There is no doubt the U.S. will remain the most significant military force on the planet for decades: its military spending accounts for 43 per cent of global military expenditure, against China's estimated 7.3 per cent and Russia's 3.6 per cent. The U.S. has 11 aircraft carriers to the rest of the world's eight — and its air power is a generation ahead of the competition. However, the cuts will mean U.S. resources will be more narrowly focused: targeting potential Chinese expansion in the Pacific, and using intelligence-led operations to contain terrorism-related threats. The days of grand expeditionary warfare in the Middle East are at an end.
India can't say it wasn't warned: for years now, the U.S. has been doing so. In his 2006 State of the Union address, President George W. Bush set America on a new course towards oil independence. “America is addicted to oil,” he warned. He vowed to “make our dependence on Middle Eastern oil a thing of the past.” Few paid attention, because past Presidents like Jimmy Carter had said much the same thing, to little avail — but the figures show it is now happening.

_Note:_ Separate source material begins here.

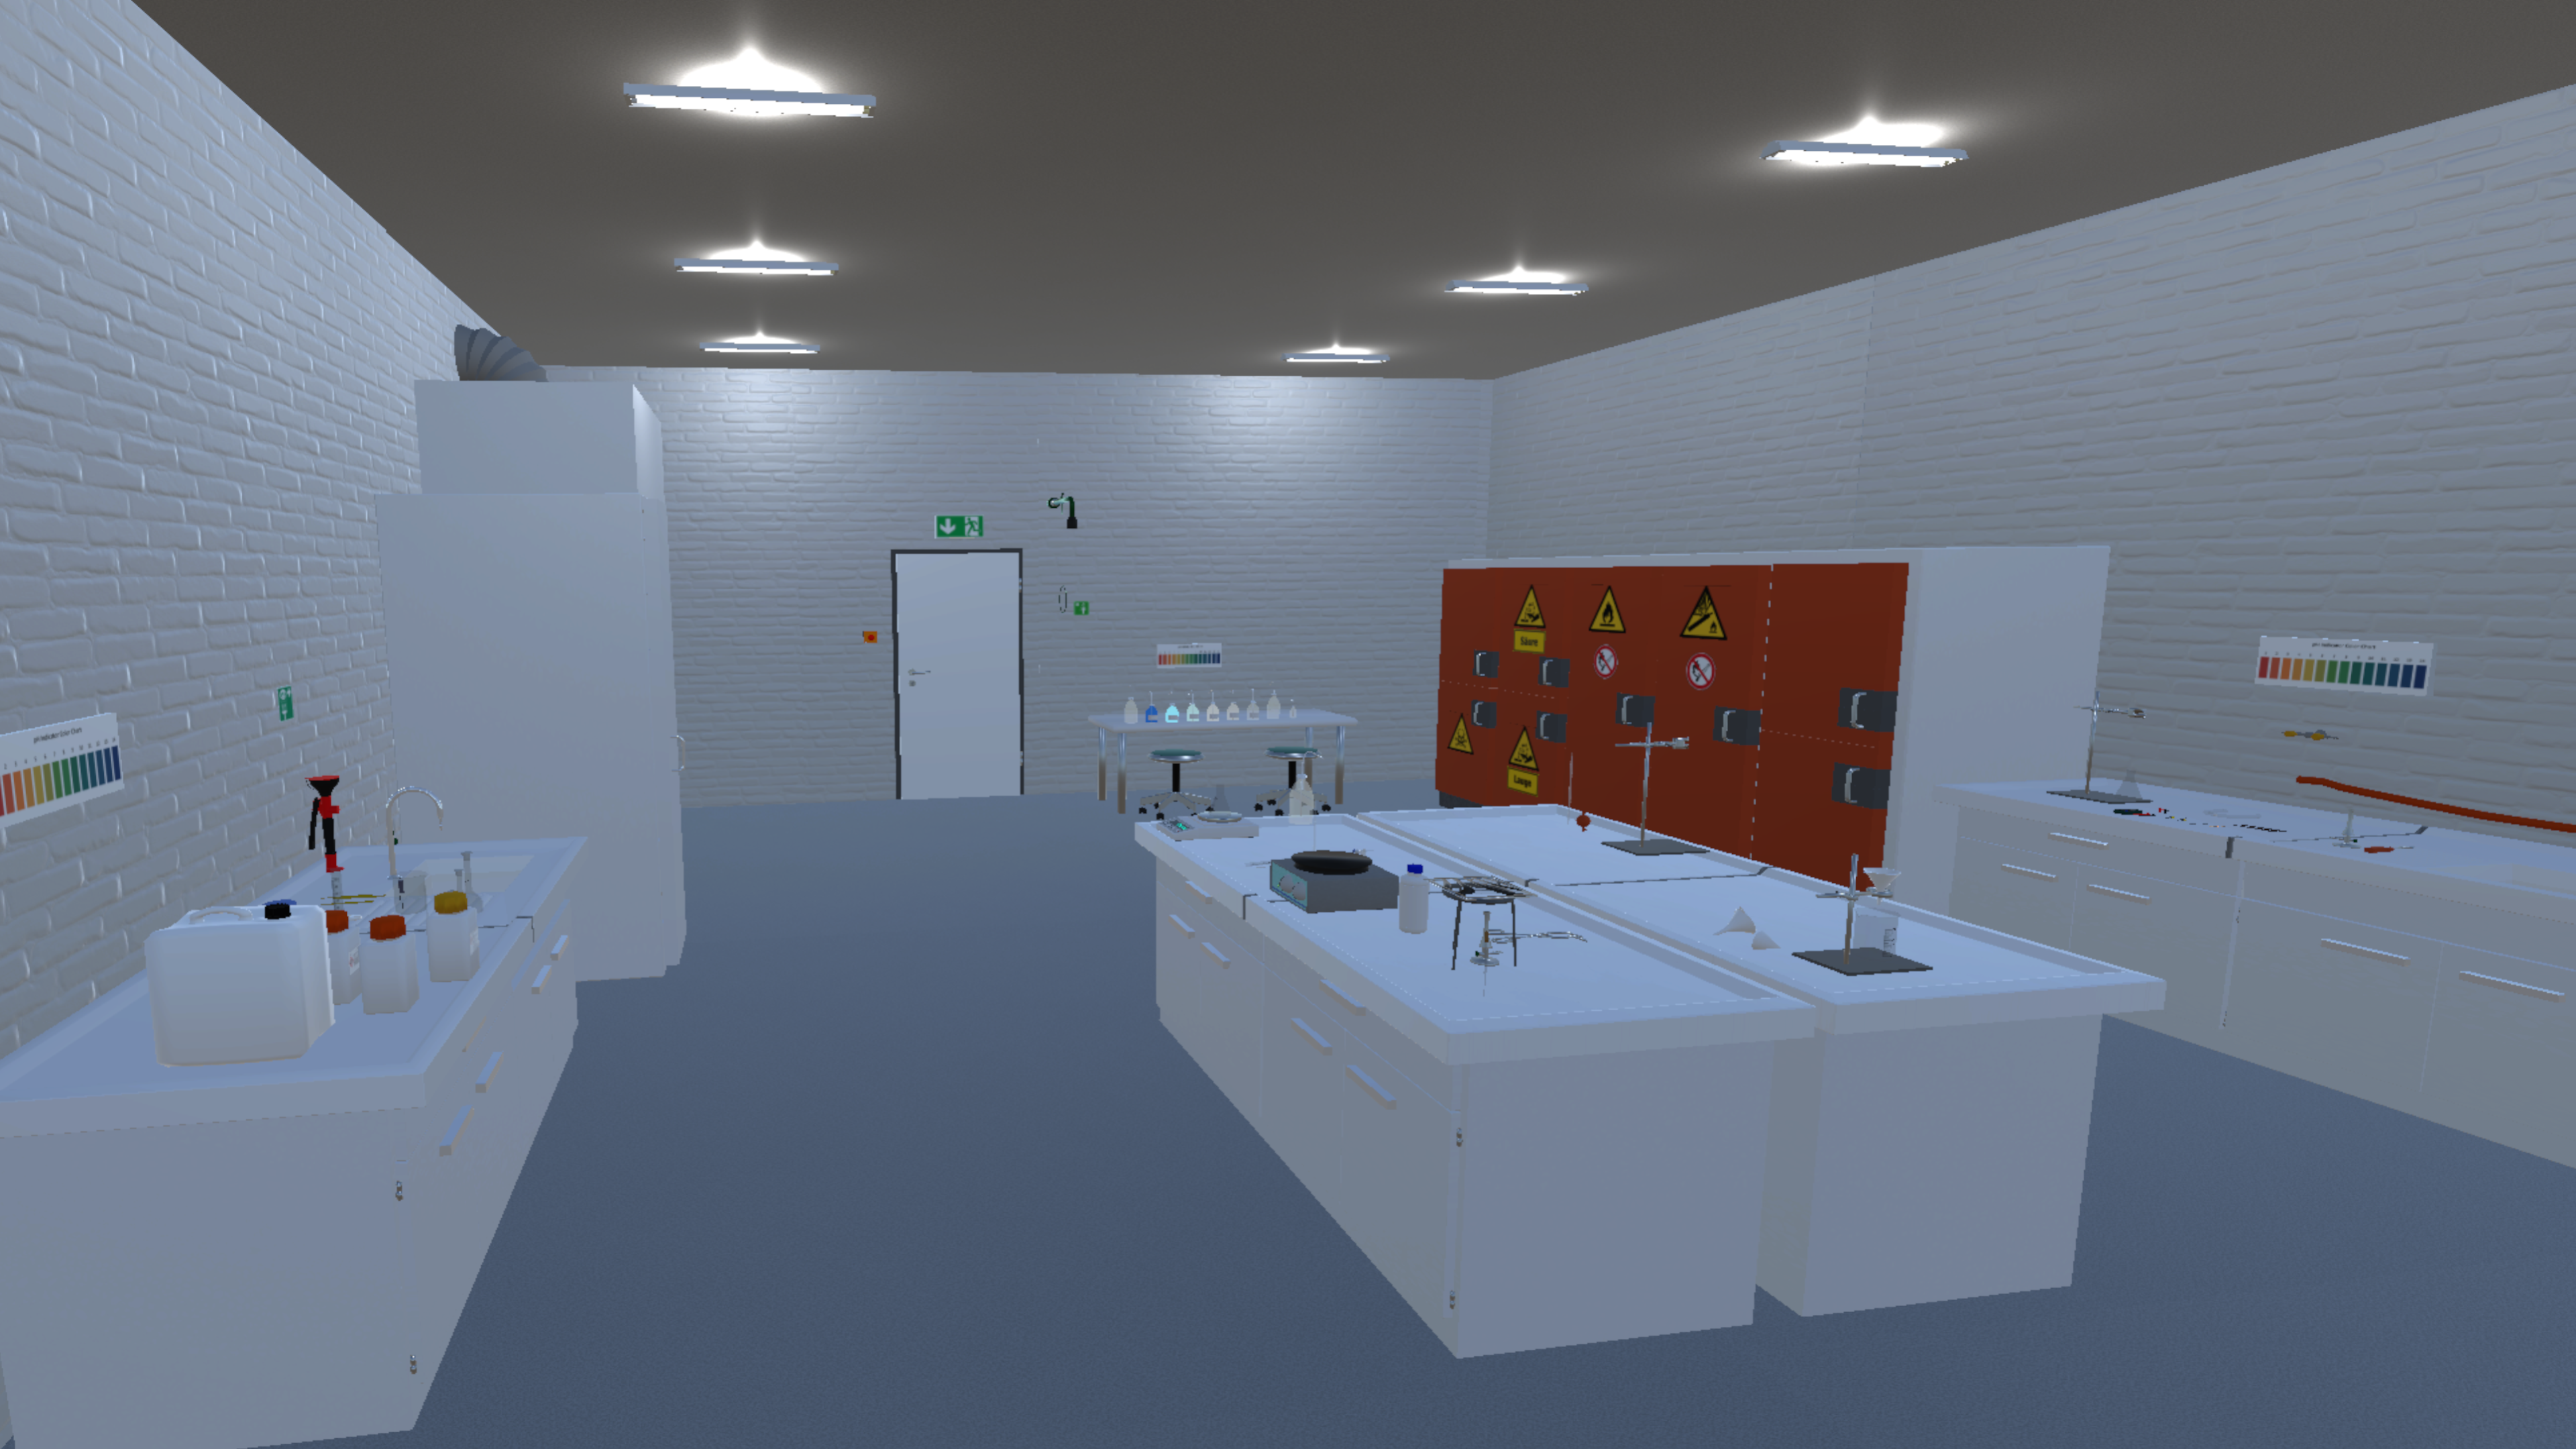 A screenshot from the VirtuChemLab virtual chemistry laboratory. One can see multiple tables with chemistry equipment lined up.

“Persian oil,” as Franklin D. Roosevelt said to a British diplomat in 1944, “is yours. We share the oil of Iraq and Kuwait. As for Saudi Arabian oil, it's ours.” To that end, the West propped up tyrannies — giving birth to a host of political obscenities.
India, China and the other Asian powers whose future prosperity depends on access to the Devil's Excrement are the future inheritors of the disorder western withdrawal will leave behind. They must begin to together prepare for the fallout, or together pay the price.